Так они дошли до его покоев, и она без малейшего стеснения вошла туда вместе с ним.
'Хотя, правда, чего ей стесняться-то, кикиморе болотной?!' — подумалось Ивану.
Велена взяла из рук царевича кувшин и чарку, присела на кресло, откуда-то достала себе второй бокал и налила им вина.
— Ну что, поговорим по душам? — проговорила она, протягивая полную чарку Ивану.
Он взял вино и, мрачно посмотрев на кикимору, залпом выпил, а потом налил себе еще. Она только приподняла одну бровь и аккуратно пригубила из своего бокала.
— Да, Велена, от тебя хотят избавиться, — прямо сказал Иван, выдерживая ее взгляд, — И я сам тоже хочу. Я ничего тебе не должен! Не я затевал этот глупый ритуал со Стрелами Судьбы. Я не понимаю, почему я должен лезть в эту кабалу! Я ничего тебе не обещал, я тебя не искал, я знать тебя не знал до этих стрел проклятущих!
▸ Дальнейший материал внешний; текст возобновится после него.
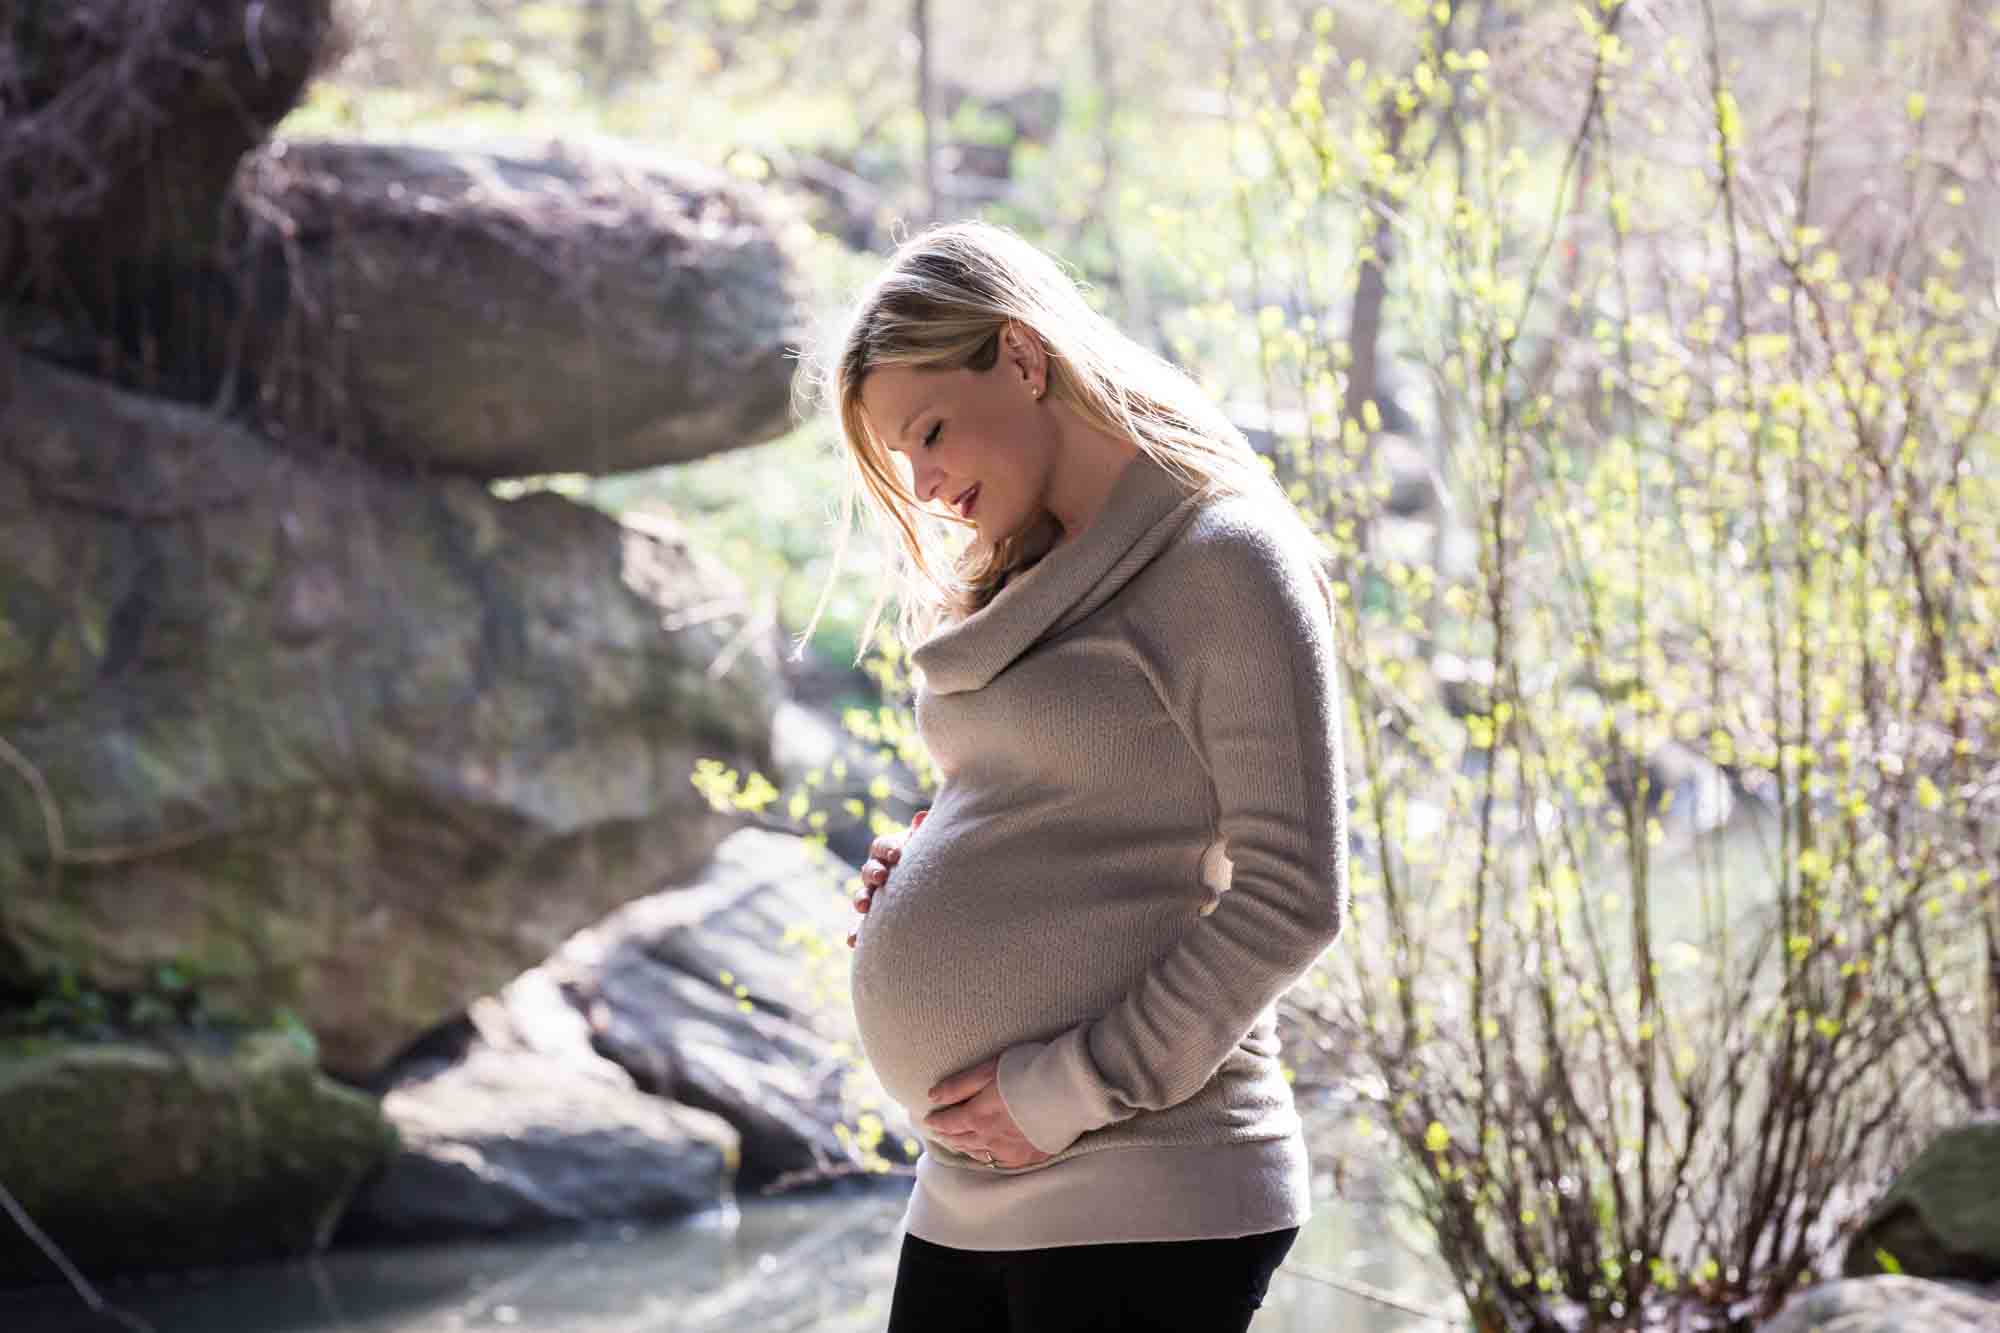 Maternity portrait in park for an article on the best family portrait poses

— Да успокойся, царевич, — примирительно отозвалась Велена, — Лично я тебя ни в чем не виню. И насчет меня не беспокойся — если судьбе будет угодно, чтобы мы были вместе, чтобы ты со своим отцом ни делал, этому суждено быть. А если не угодно, то никакая свадьба не удержит нас рядом друг с другом. Так что зря ты так боишься именно женитьбы. Ничего непоправимого из-за этой свадьбы не произойдет. Непоправимы только смерть… — ее взгляд стал печальным, — и предательство.
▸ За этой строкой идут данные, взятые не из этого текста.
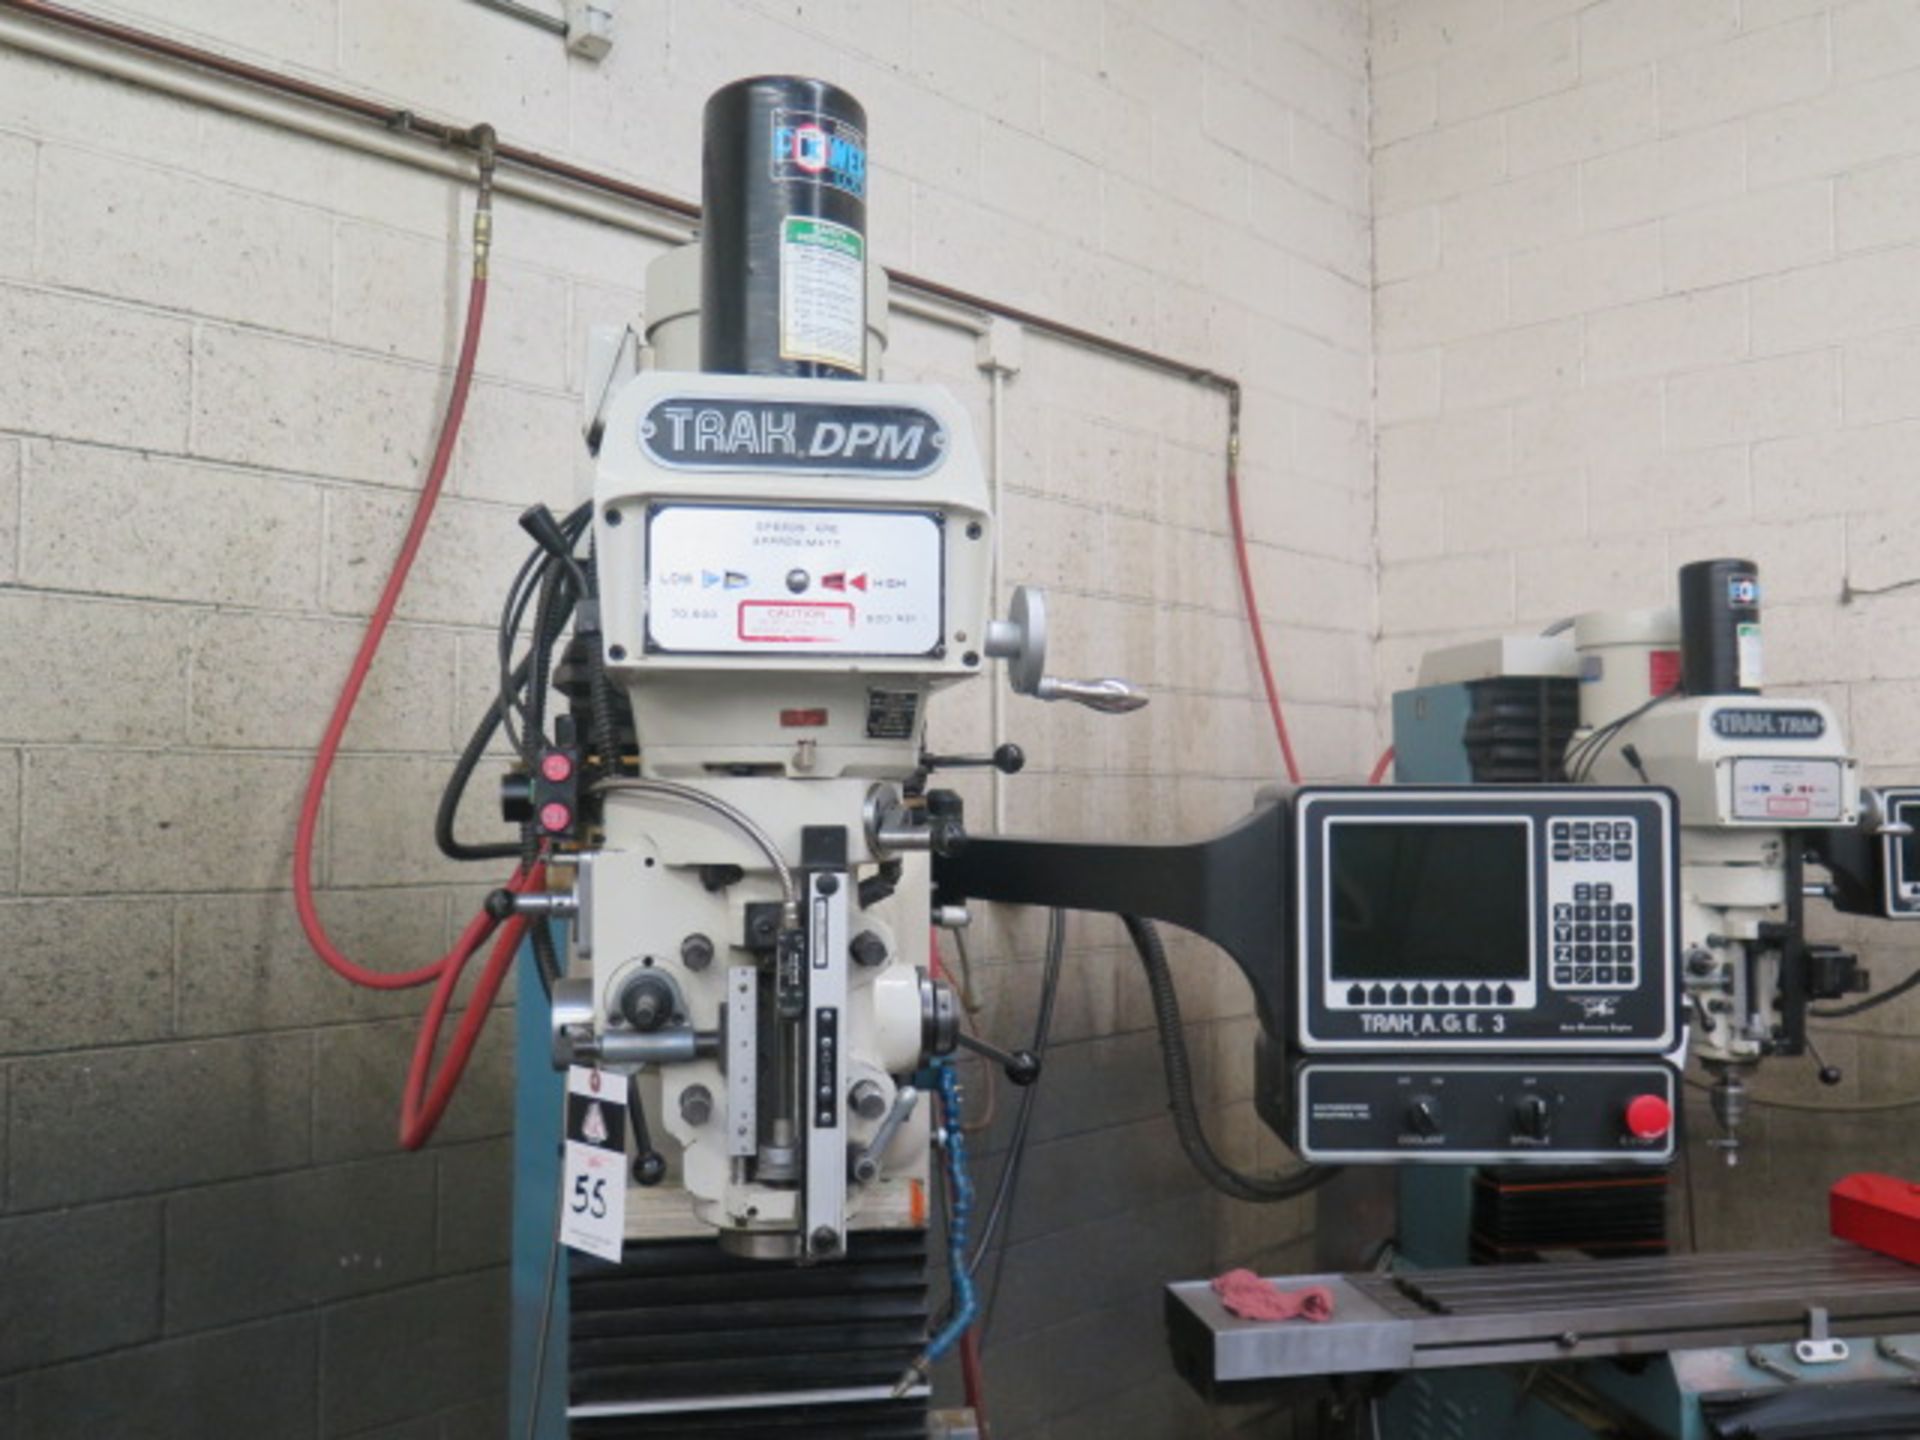 Southwestern Industries TRAK-DPM CNC Mill s/n 97-3095 w/ Proto Trak A.G.E 3 Controls, 3Hp,SOLD AS IS - Image 4 of 15

— Я тебя не предавал! — воскликнул царевич, — Предать можно того, кому в чем-то клялся, что-то обещал, того, кто тебе доверяет. Я не давал тебе ни клятв, ни поводов для доверия или каких-то надежд!
— Да я про тебя ничего и не говорила, — Велена улыбнулась немного грустно, — Я имела ввиду, что все остальное не сможет поломать тебе жизнь, если ты сам не позволишь. Я знаю, что у тебя чистая душа, Иван. Ты оттого и мучаешься так, что не предашь даже те клятвы, которые тебя вынудят сказать.
— Ну, на что тебе это, Велена? — устало спросил царевич, — Зачем тебе за меня замуж? Мы же совершенно чужие друг другу существа! Ты говоришь — судьба! Но ведь твоя судьба — кикиморой родиться! Тебе же должно нравиться жить на болоте со своими родичами, это твой родной дом. Любому живому созданию нравится жить в его родной стихии. Если привести волка из леса во дворец, ему будет плохо и одиноко, он захочет вернуться обратно, в свой родной лес, к своим!
— Мне некуда возвращаться, царевич. Меня нигде никто не ждет.
— Но ведь я тоже не хочу на тебе жениться. Как ты здесь станешь счастливее? Ну ладно, хочешь жить во дворце — живи. Живи как моя сестра. Я буду заботиться о тебе и оберегать, клянусь. Я не буду испытывать к тебе ненависти и неприязни, если ты будешь мне сестрой. Согласись, пока не поздно, иначе тебе придется отправиться обратно на свое болото.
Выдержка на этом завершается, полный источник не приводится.